# ¿proteus en español?



## ABRANINI (Jun 26, 2010)

alguien me podria decir si existe proteus en español y si no es pedir mucho que lo pasara desde ya muchas gracias.


----------



## Yang (Jun 26, 2010)

version oficial no; pero tampoco se de versiones traducidas extraoficiales.

Saludos


----------



## ABRANINI (Jun 26, 2010)

y algun programa parecido

soy estudiante y uso livewire pero me parece mas completo proteus

tambien he usado tina y multisin


----------



## fdesergio (Jun 26, 2010)

No tampocooooo tan facil no te la ponen, mejor aprende ingles toda la info tecnica soft etc etc viene en INGLES, toco si o si aprender ingles, chauuuuuuuuuuu


----------



## Yang (Jun 30, 2010)

hay buenos tutoriales de proteus por la red, uno de esos es:
https://www.forosdeelectronica.com/f13/curso-utilizacion-proteus-12122/

Saludos


----------



## scom (Ago 6, 2014)

ABRANINI dijo:


> alguien me podria decir si existe proteus en español y si no es pedir mucho que lo pasara desde ya muchas gracias.
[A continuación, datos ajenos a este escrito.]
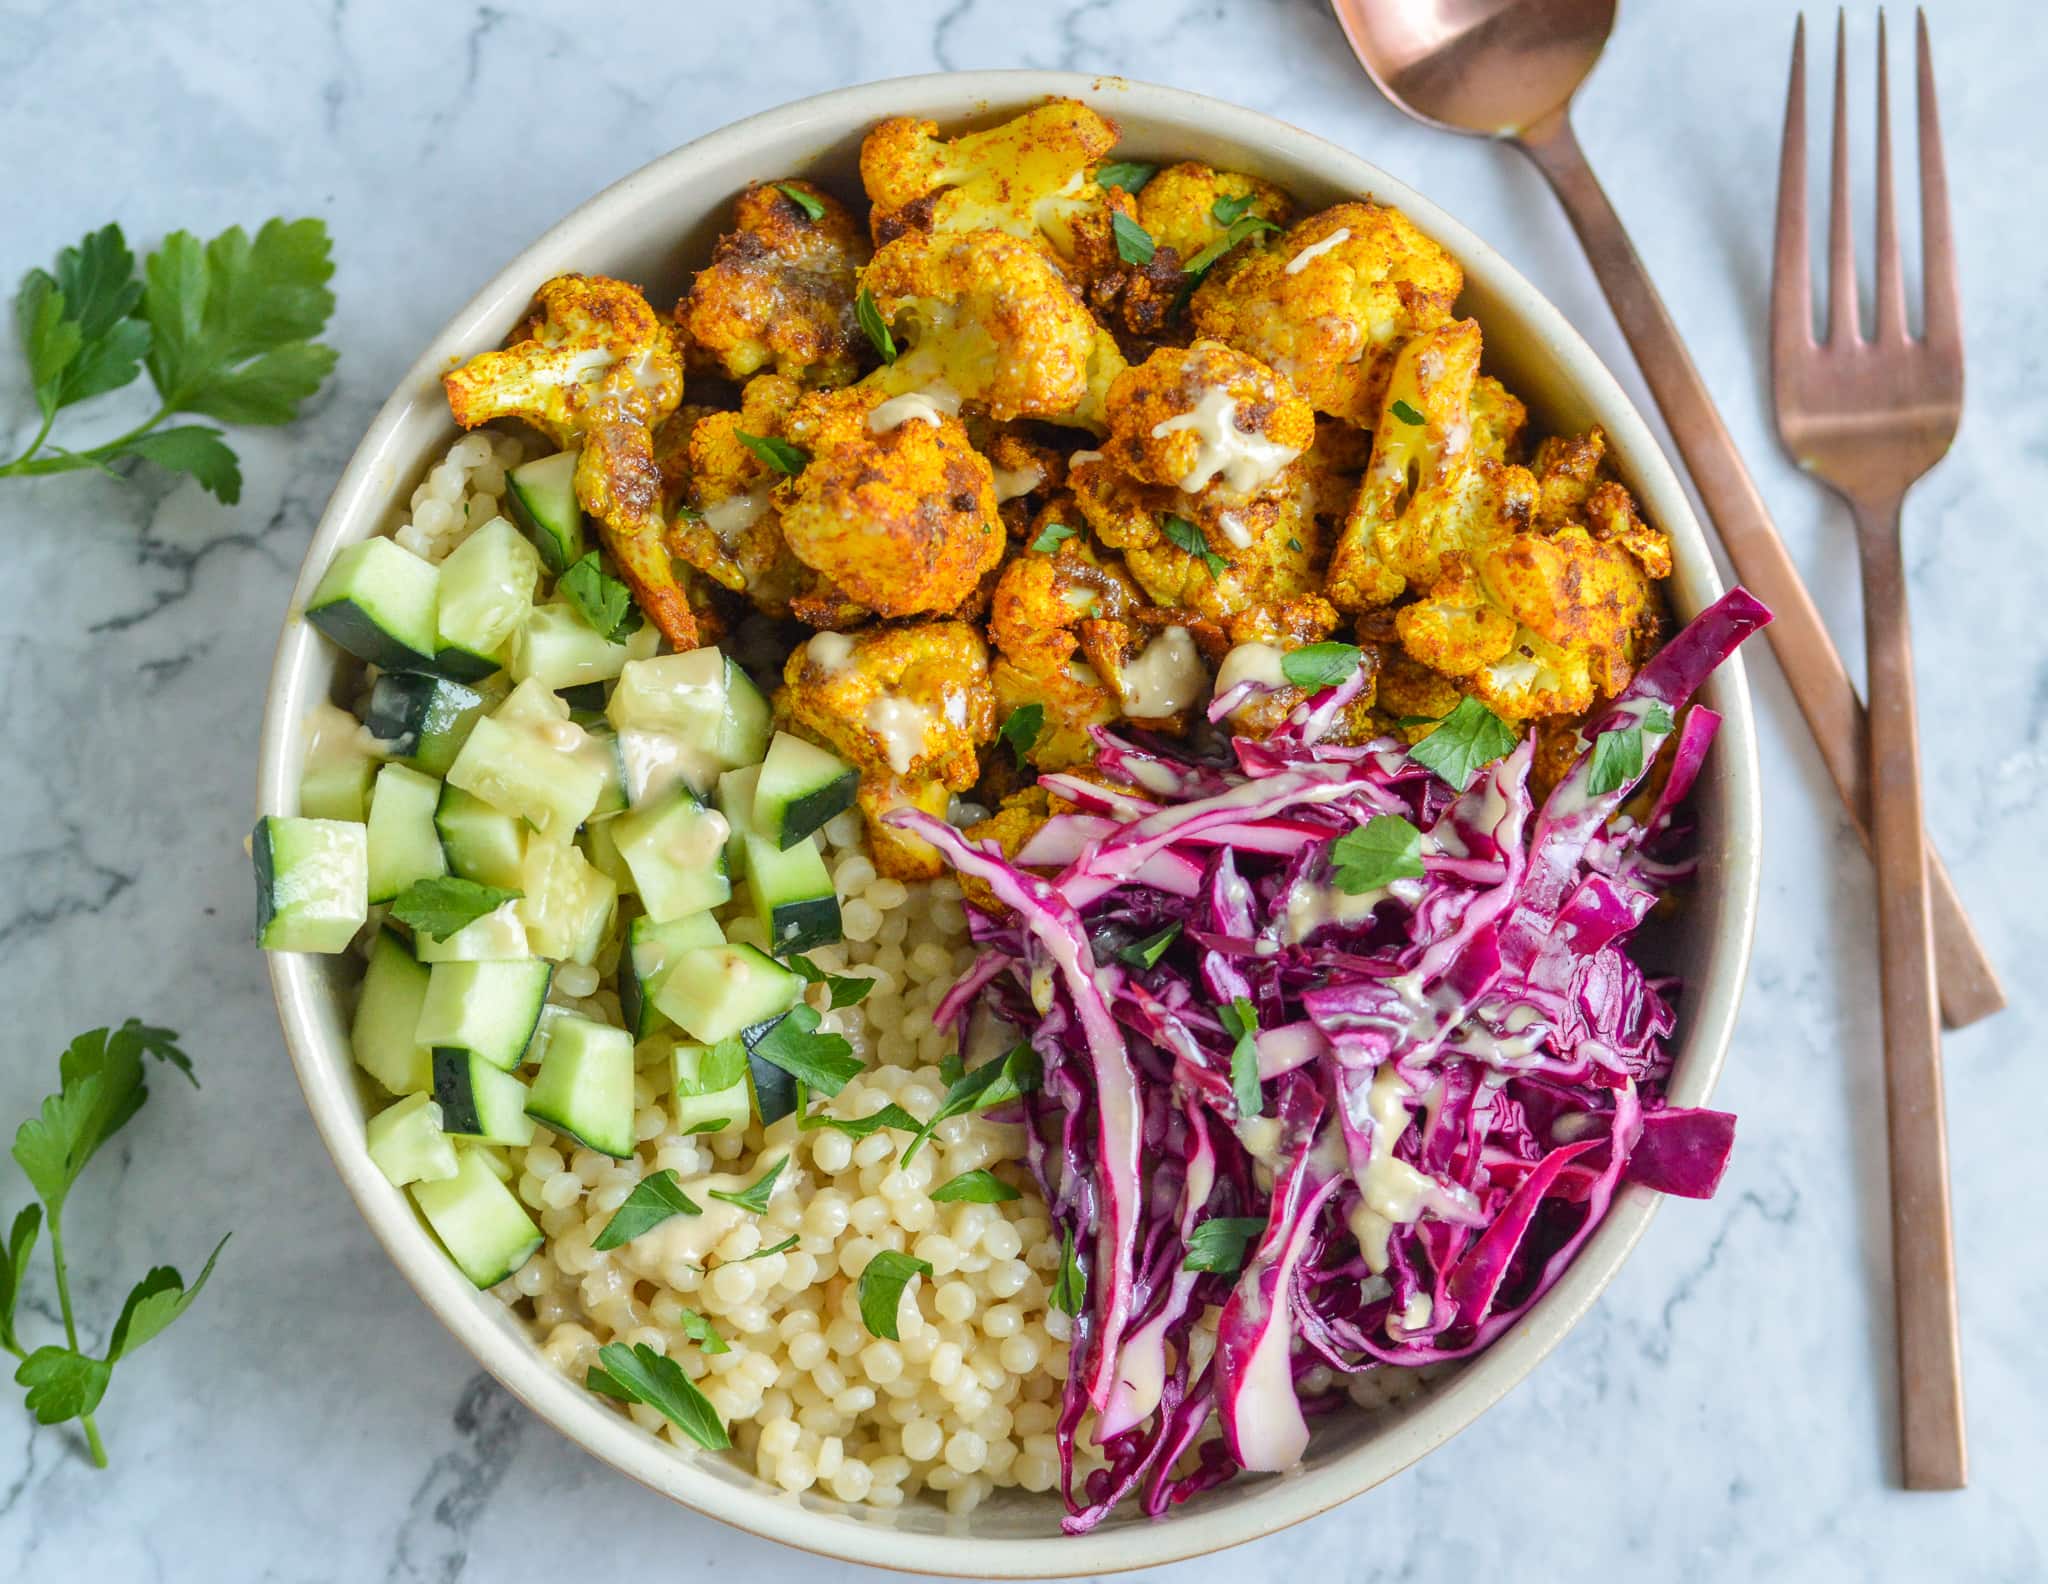 How To Build The Perfect Healthy Plant-Based Bowl, 5 step formula

si lo hay la ultima bersion es la 8.1


----------



## Andreh (Ago 13, 2014)

Quien me da el instalador de proteus


----------



## papirrin (Ago 13, 2014)

> Quien me da el instalador de proteus



cuando compras el paquete viene completo, con todo y el instalador....
si lo que buscas es algo pirata, esta prohibido difundirlo por este medio.

si no contesto a tu pregunta, por favor se mas especifico.


----------



## DOSMETROS (Ago 13, 2014)

Andreh dijo:


> Quien me da el instalador de proteus


 
http://www.labcenter.com/download/prodemo_autodl_general.cfm


----------